In how many ways can the letter of the word SUCCESS be arranged so that
(i) The two $C^{\prime }s$ are together bot no two $S^{\prime }s$ are together.
(ii) No two $C^{\prime }s$ and no two $S^{\prime }s$ are together.

Answer 1

Take out three $S^{\prime }s$ and tie up two $C^{\prime }s$ so that we are left with U,E and one bundle of $C^{\prime }s$. Thus we have 3 letters which can be arranged in $3!\left(\frac{2!}{2!}\right)=6$ways.

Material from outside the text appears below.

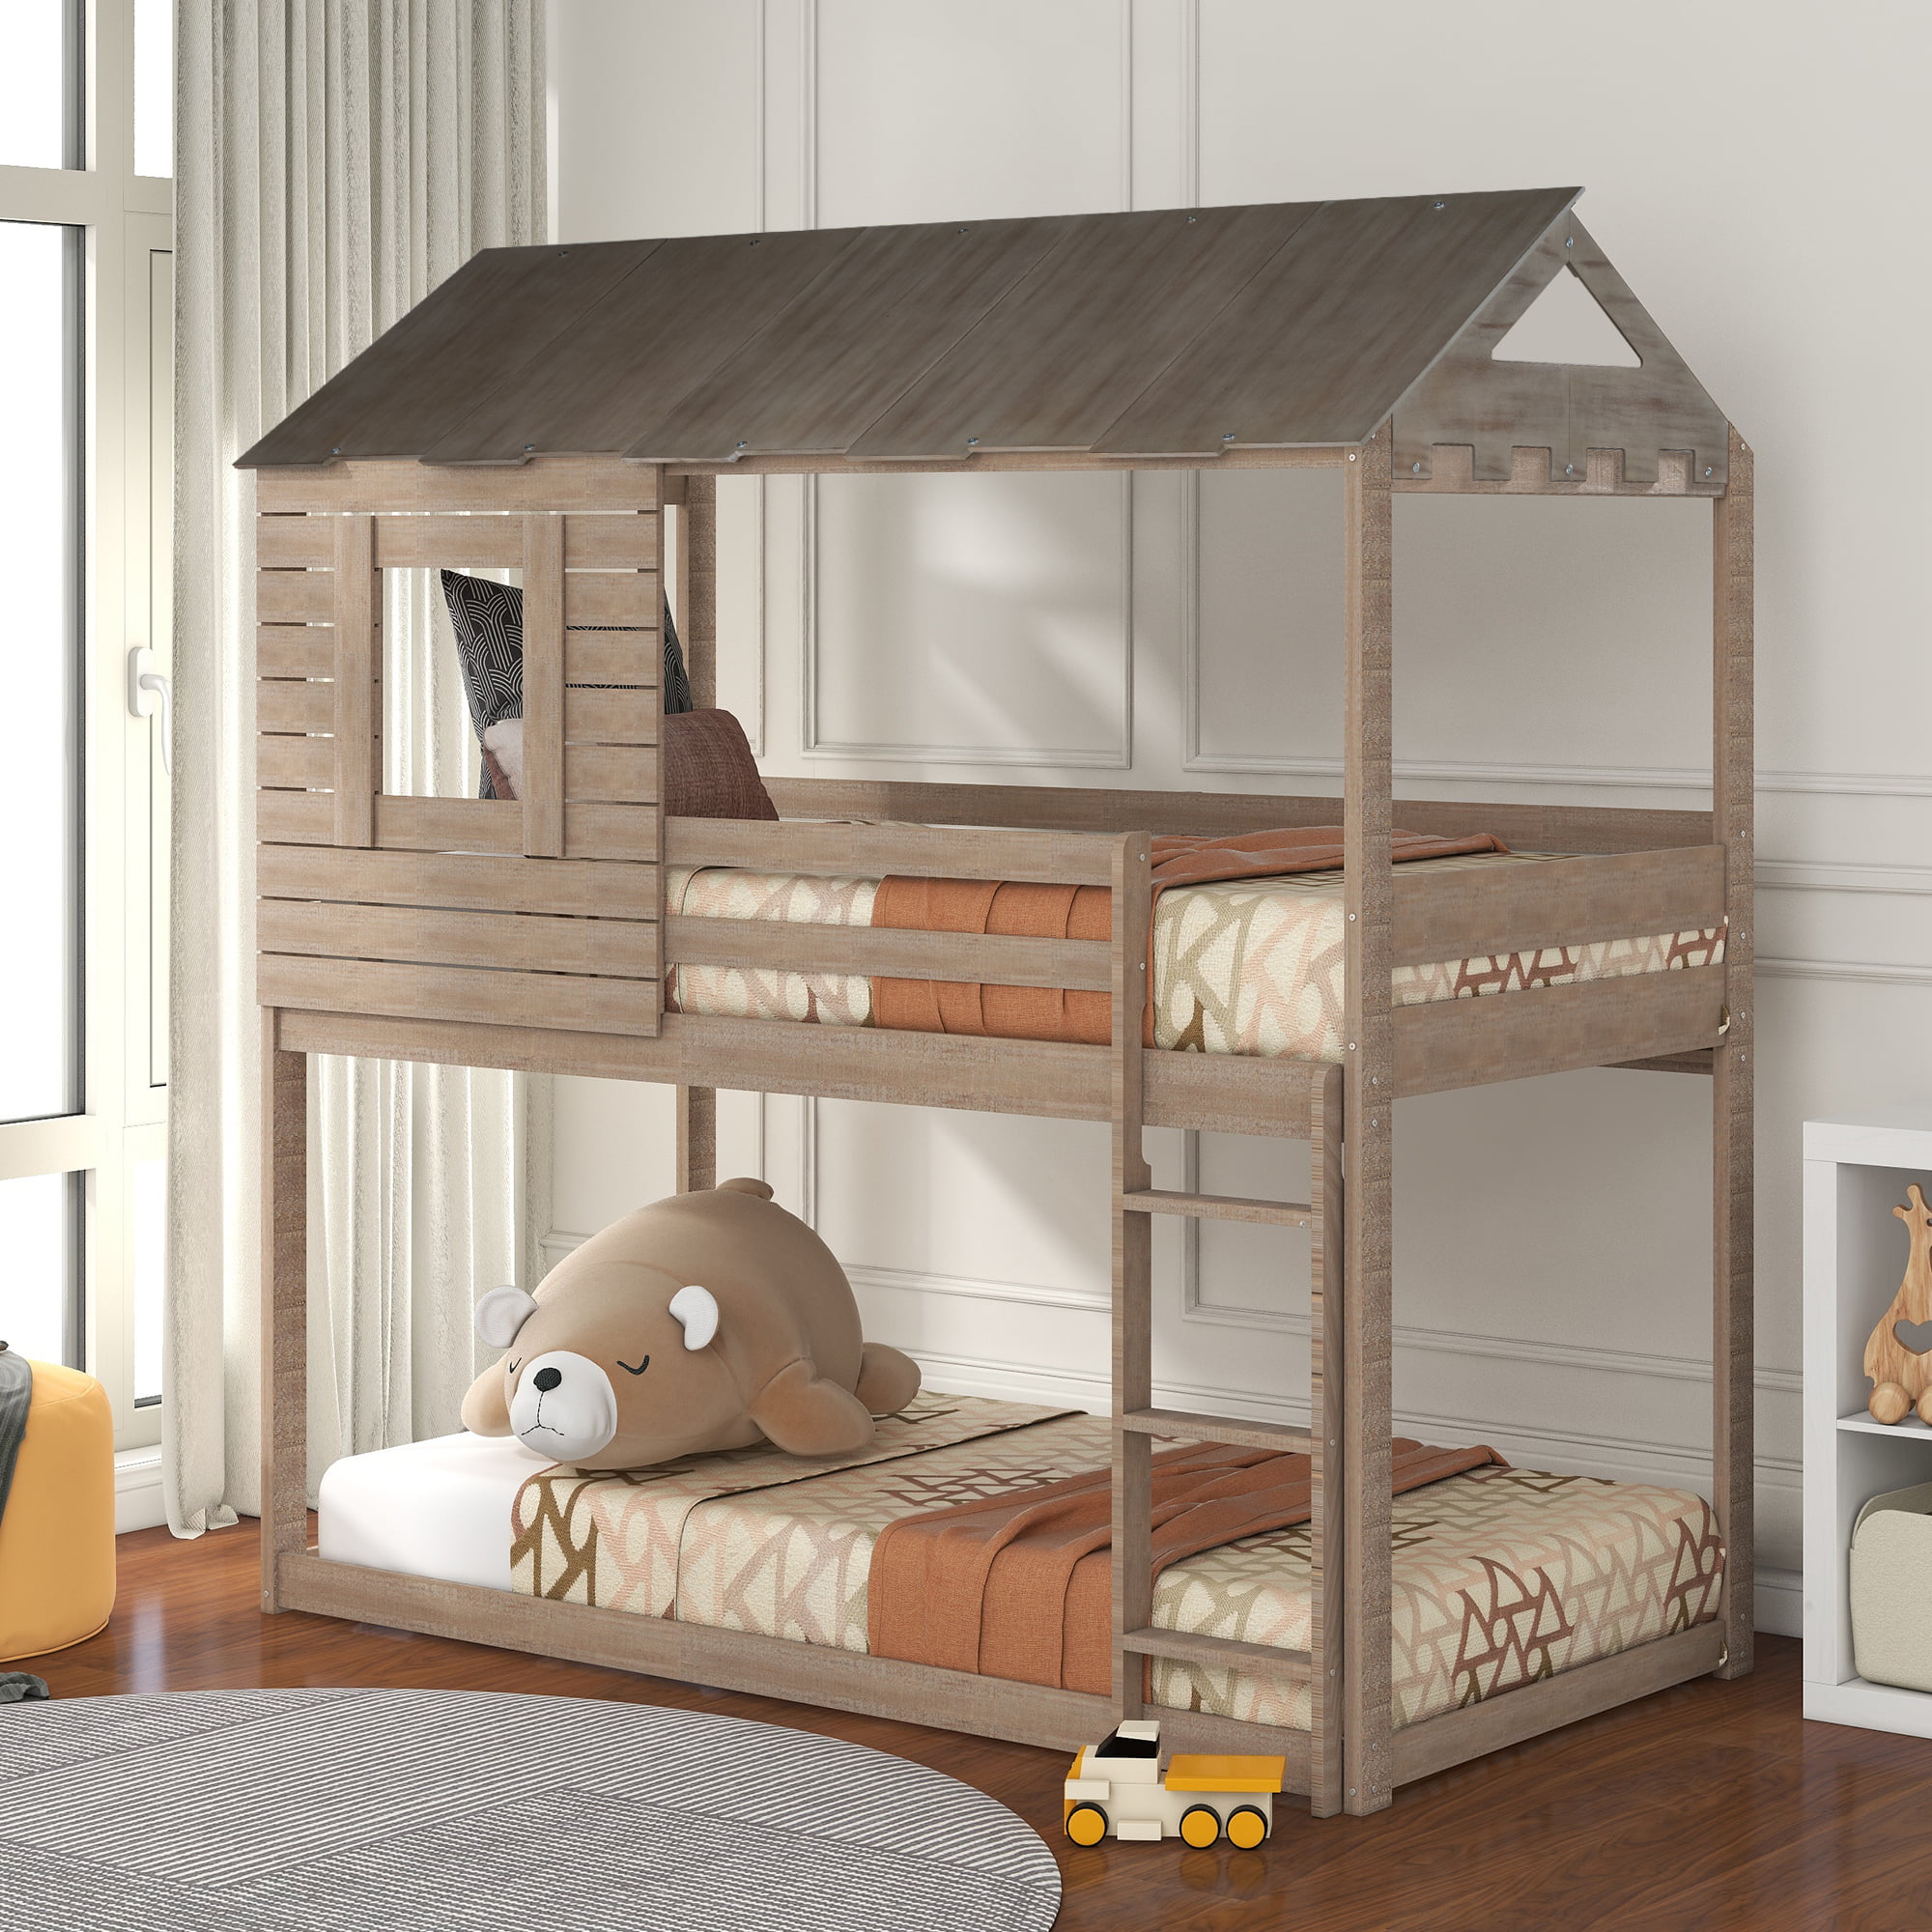 Twin Bunk Bed Frame For Bedroom, How To Make A Twin Size Bunk Bed

We have 4 places (two in between and two in the
corners). In these 4 places 3 different objects can be arranged in ${}^4{P}_3$ ways but three alike can be arranged in $\frac{1}{3!}{.}^4{P}_3$ ways i.e. 4 ways.

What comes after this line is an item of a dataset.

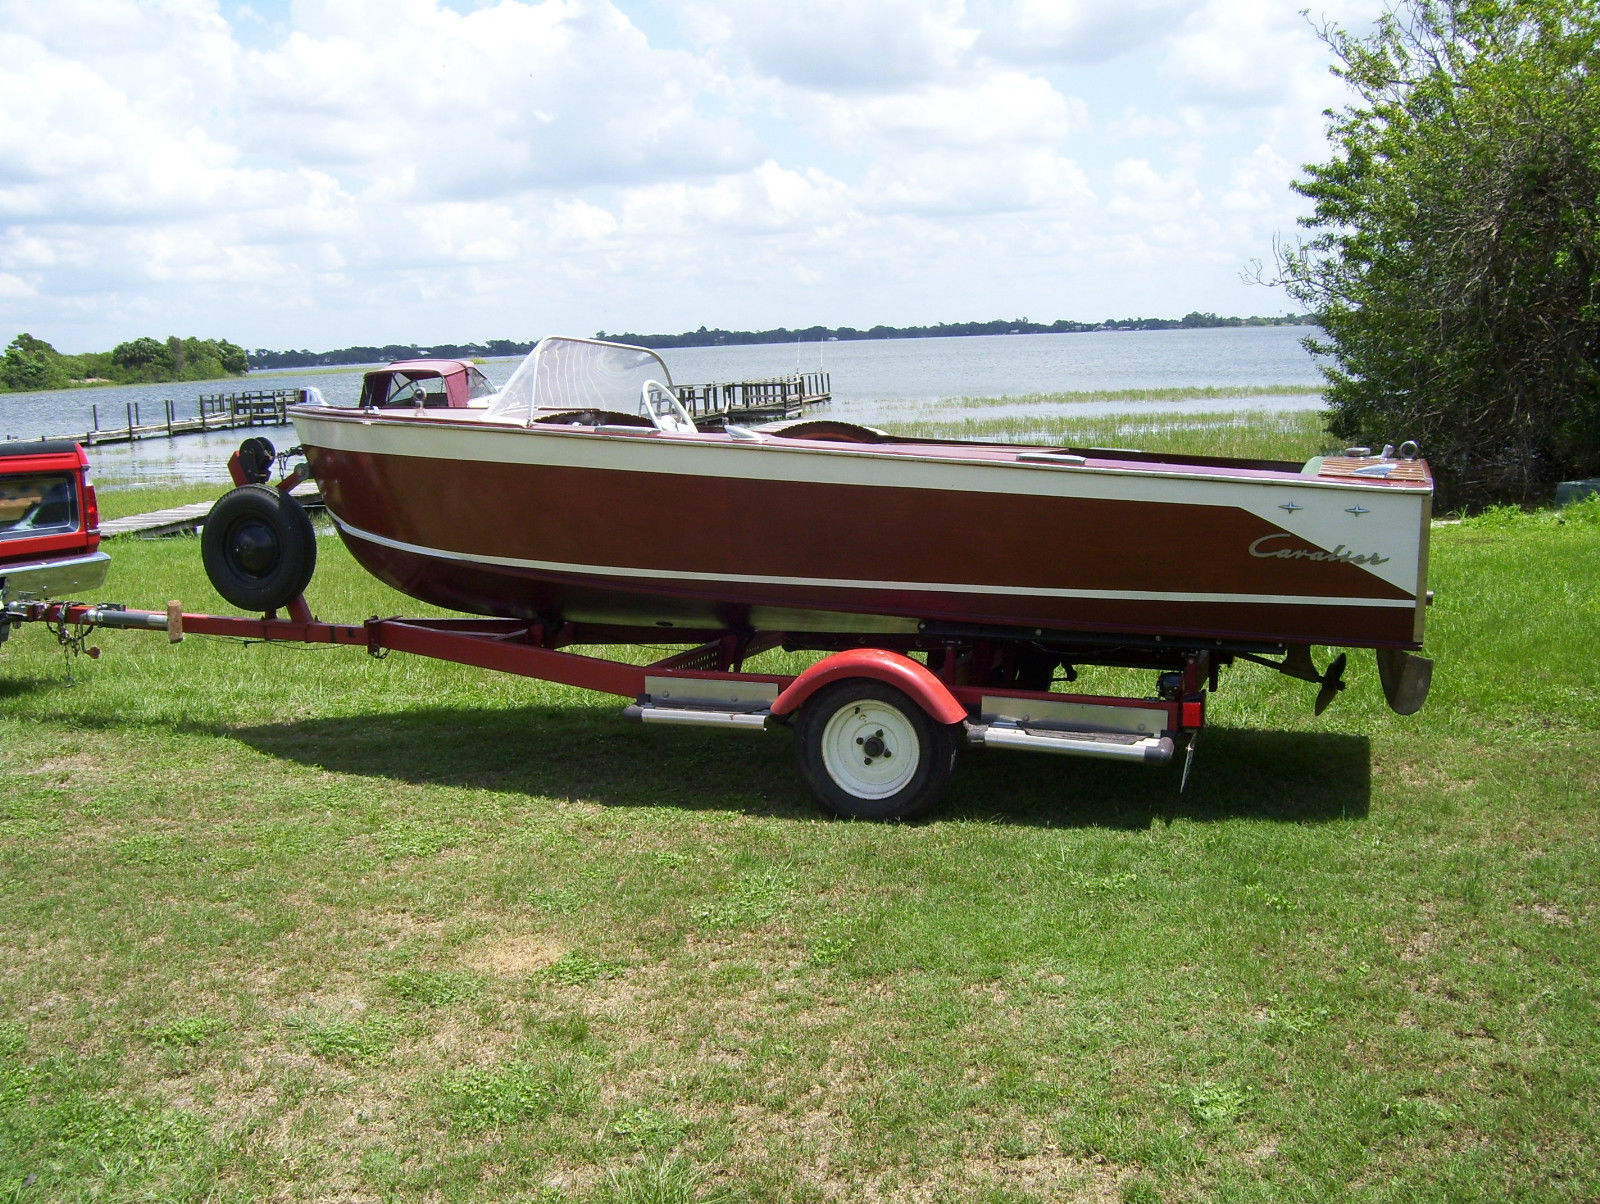 Chris Craft Wooden Boat 1958 for sale for $6,500 - Boats

Hence by fundamental theorem, the number of desired arrangements is $4\times 6=24$.
(ii) Now take out $SSS$ and arrange remaining 4 letters out of which two are alike $\therefore \frac{4!}{2!}=12$. There will be 5 gaps in between these 4 (3 in between 2 at corners) in which three alike $SSS$$ can be placed in
$\frac{{}^5{P}_3}{3!}$ways, i.e. $\frac{5.4.3}{6}=10$ ways.
Hence by fundamental theorem there will be $12\times 10=120$ ways in which all the $S^{\prime }s$ are separated. In the above 120 ways no two $S^{\prime }s$ are together. Also by part (i) no two $S^{\prime }s$ are together but two $C^{\prime }s$ are together in 24 ways.
$\therefore$ In $120-24=96$ ways no two $S^{\prime }s$ and no two $C^{\prime }s$ are together.